Des reproductions peuvent avoir lieu en bac d’ensemble, mais il est préférable d’isoler un couple ou un trio, 2 femelles bien rondes et un mâle dans un bac spécifique. Le mâle fraie successivement avec les 2 femelles et les éclosions des œufs s’échelonnent. Après la ponte on retire les femelles qui ne participent pas à la surveillance. L’utilisation d’eau très douce, eau osmosée ou eau de pluie propre et filtrée pour abaisser la dureté, peut aussi déclencher une ponte. L’idéal est de parvenir à un pH neutre, juste en dessous de 7, associé à une conductivité proche de 100 µScm2 ; mais tant qu’on ne s’éloigne pas trop de ces valeurs, et tant que l’eau est douce, (pas plus de 12 dKH ) les poissons peuvent se reproduire. En ajoutant à l’eau un concentré de tourbe on obtient une eau noire et acide.

Très rapidement après un brutal changement d’eau, le mâle commence à nettoyer énergiquement un tuyau à demi enterré, un tronc creux, une amphore en terre cuite…et un peu plus tard la femelle le rejoint ; ils entrent dans le tube pour pondre. Le tuyau en PVC mesure environ 4 cm de diamètre et une quinzaine de centimètres de longueur. Il faut leur proposer plusieurs tuyaux, de différents diamètres. Si le tube est trop large, il semble que les poissons ne s’y sentent pas en sécurité pour pondre, s’il est trop étroit, les œufs risquent d’être expulsés par les grands coups de queue des parents au moment de la ponte.
Le mâle reste à l’intérieur mais la femelle en ressort quelques fois avant d’y retourner…les poissons sont très agités, d’après les violents mouvements de leurs queues qu’on peut apercevoir. Une fois la ponte terminée la femelle s’en désintéresse complètement et le mâle reste au-dessus montant la garde et ventilant les oeufs.

Les mâles R.sp.rouge sont de bons pères, attentifs et prenant soin des œufs alors que fréquemment lors des reproductions de R.lanceolata, les 2 parents se désintéressent de leurs œufs une fois la ponte terminée. On voit d’ailleurs bon nombre d’éleveurs mettre ensemble une femelle R.lanceolata et un mâle R.sp.rouge pour que la ponte profite des soins assurés par le mâle. On obtient alors des jeunes qui sont marbrés de rouges et de brun, mélange des patrons de coloration des 2 parents.

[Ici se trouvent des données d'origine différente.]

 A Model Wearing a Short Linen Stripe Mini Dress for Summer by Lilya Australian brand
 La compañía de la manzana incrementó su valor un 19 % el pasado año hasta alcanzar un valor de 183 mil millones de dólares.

Le nombre d’œufs d’une femelle R.lanceolata adulte est 2 ou 3 fois plus important que lors de la ponte d’une R.sp.rouge , peut-être pour compenser les morts dus au manque de soin des parents ? Dans un tel cas, doit-on parler de croisement ou d’hybridation ? Je n’en sais trop rien, le classement taxonomique de ces poissons étant encore peu précis.

Il n’est pas nécessaire de nourrir le mâle, qui ne s’alimente pas pendant une dizaine de jours jusqu’à l’éclosion. Parfois il peut manger un peu, pendant la nuit si on lui distribue une nourriture très tentante… mais avec un risque accru de pollution du bac.

Pour un couple de R.sp.rouge lors des premières tentatives, 30 à 40 œufs sont pondus puis on assiste ensuite à des pontes de plus de 80 œufs.L’accouplement peut être assez violent, il arrive que la femelle soit blessée ou tout au moins un peu sonnée par le mâle qui la chasse, une fois la ponte terminée. Les œufs sont légèrement colorés, et ils sont groupés par 4 ou 5. Selon la température du bac, ils éclosent après 4-5 jours, mais il faut attendre encore plus d’une semaine pour que les larves commencent à sortir du tuyau. Dès que leur sac vitellin, qui est coloré de vert… est complètement résorbé, on peut isoler les jeunes dans un petit bac de 10-20L qui flotte dans l’aquarium pour les nourrir plus facilement. Il faut impérativement maintenir une hygiène irréprochable et changer une partie de l’eau chaque soir en nettoyant bien la vitre du fond. On doit leur donner à manger plusieurs fois par jour, et aspirer soigneusement la nourriture et les déchets tombés au fond du bac. La mortalité des jeunes est assez importante, il arrive qu’on perde plus de la moitié des alevins. En cas de malnutrition, on voit se développer très lentement des poissons qui présentent une colonne vertébrale déformée.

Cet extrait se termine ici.